We turn to the question whether this court has the power to pass on the defendants’ motion to determine or fix the amount of the appeal bond. We find no statutory authority vesting the Appellate Division with power to determine or fix the amount of the appeal bond “and the nature of the security to be given with that bond.” “As a rule the court granting an appeal is the only court vested with the power to fix the amount of the appeal bond or undertaking, and it cannot be fixed by the appellate court in the absence of statutory authority.” 4A C.J.S. 262, Appeal and Error, § 545 (b); see Doudell v. Shoo, 158 Cal. 50; Meyers, Whitty & Hodge, Inc. v. Popich Marine Construction, Inc., 143 So. 2d 739, 742 (La. App.); Harjo v.

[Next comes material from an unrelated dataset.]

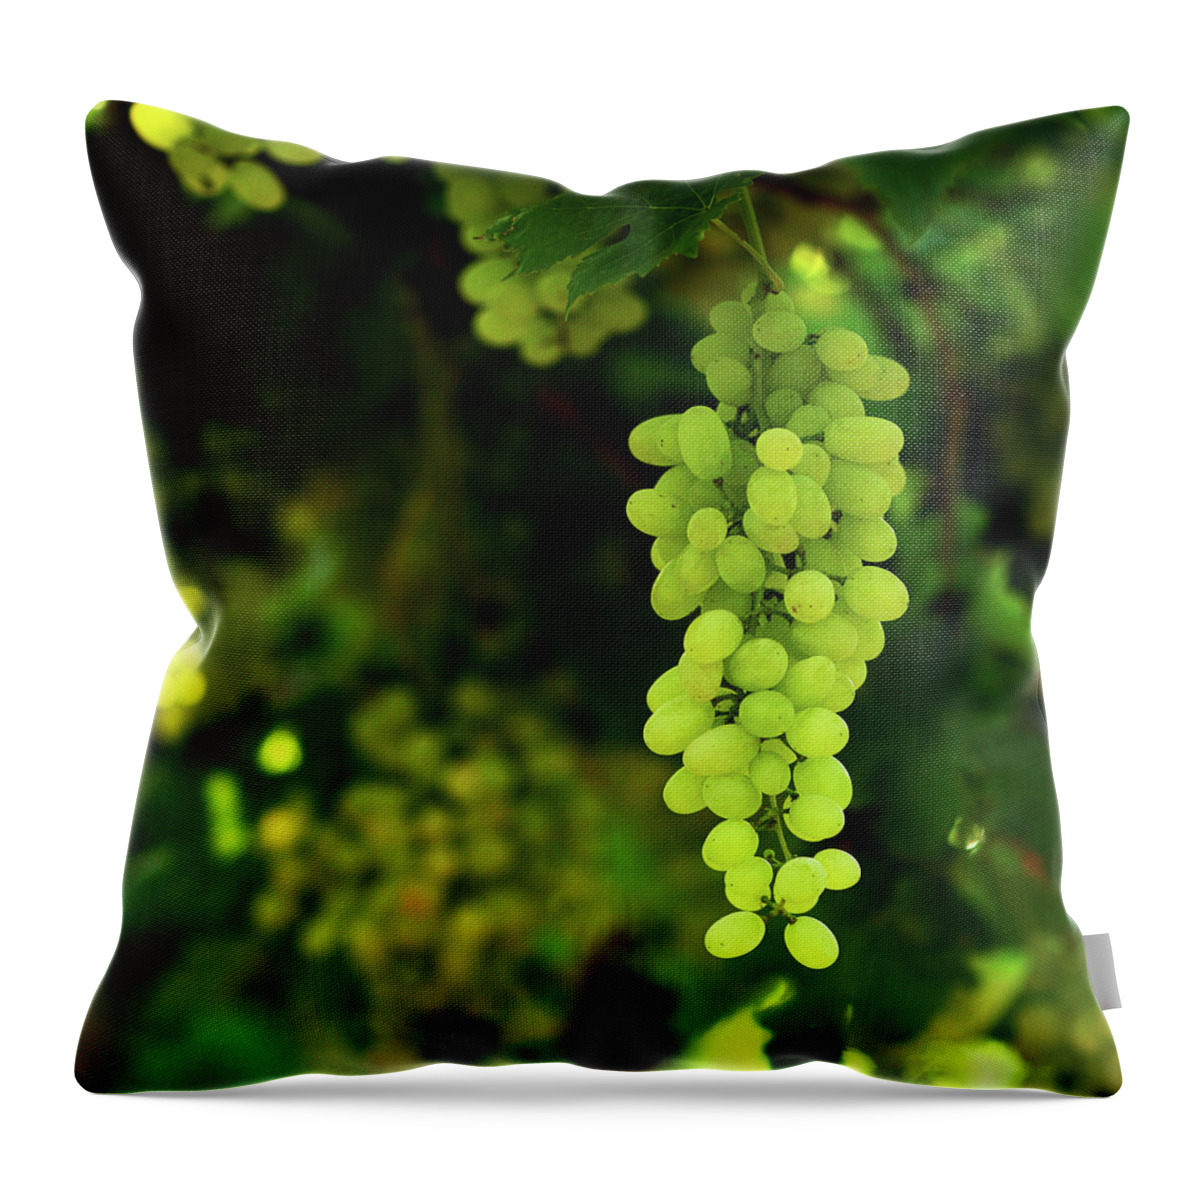 Andhra Pradesh Throw Pillow featuring the photograph Vineyard Green Grapes by Ashasathees Photography

Aubrey, 184 Okla. 344; Winberly v. Homeland Realty Co., 131 S.W.2d 423 (Tex. Civ. App.). “Where the statute mahes no provision for fixing the amount the court granting the appeal must fix such an amount as will be adequate for the protection of the appellee.” 4A C.J.S. 262, Appeal and Error, § 545 (a); see Ricci v. Bove’s Executor, 116 Vt. 335, 339. Where the appeal bond is deemed to be insufficient by the party whose interest may be adversely affected by the appeal, “additional security may be ordered by the court from *355whose judgment the appeal was taken or any judge thereof, on motion and notice to the adverse party.” Maltbie, op. cit. § 120, p. 144.1
Since we do not have the power or authority to determine or fix the amount of the appeal bond, our conclusion that the appeal is not properly pending exhausts our jurisdiction and precludes consideration of it. “Want of bond with surety, where bond with surety is by statute a prerequisite of review, furnishes a sufficient ground of dismissal of the appeal.” West Haven Housing Authority v. Simmons, 5 Conn. Cir. Ct. 282, 288. These requirements are controlling and jurisdictional.
The defendants’ motion to determine bond is denied; the appeal is dismissed.
In this opinion Kosicki and Kinmonth, Js., concurred.
In England on appeal the appellant is required to deposit a sum fixed by the judge not exceeding the amount of the money or value of the thing affected by the order or judgment or give such security for said sum as the judge may direct. 1 Woodfall, Landlord and Tenant (26th Ed.) § 2362, p. 1083.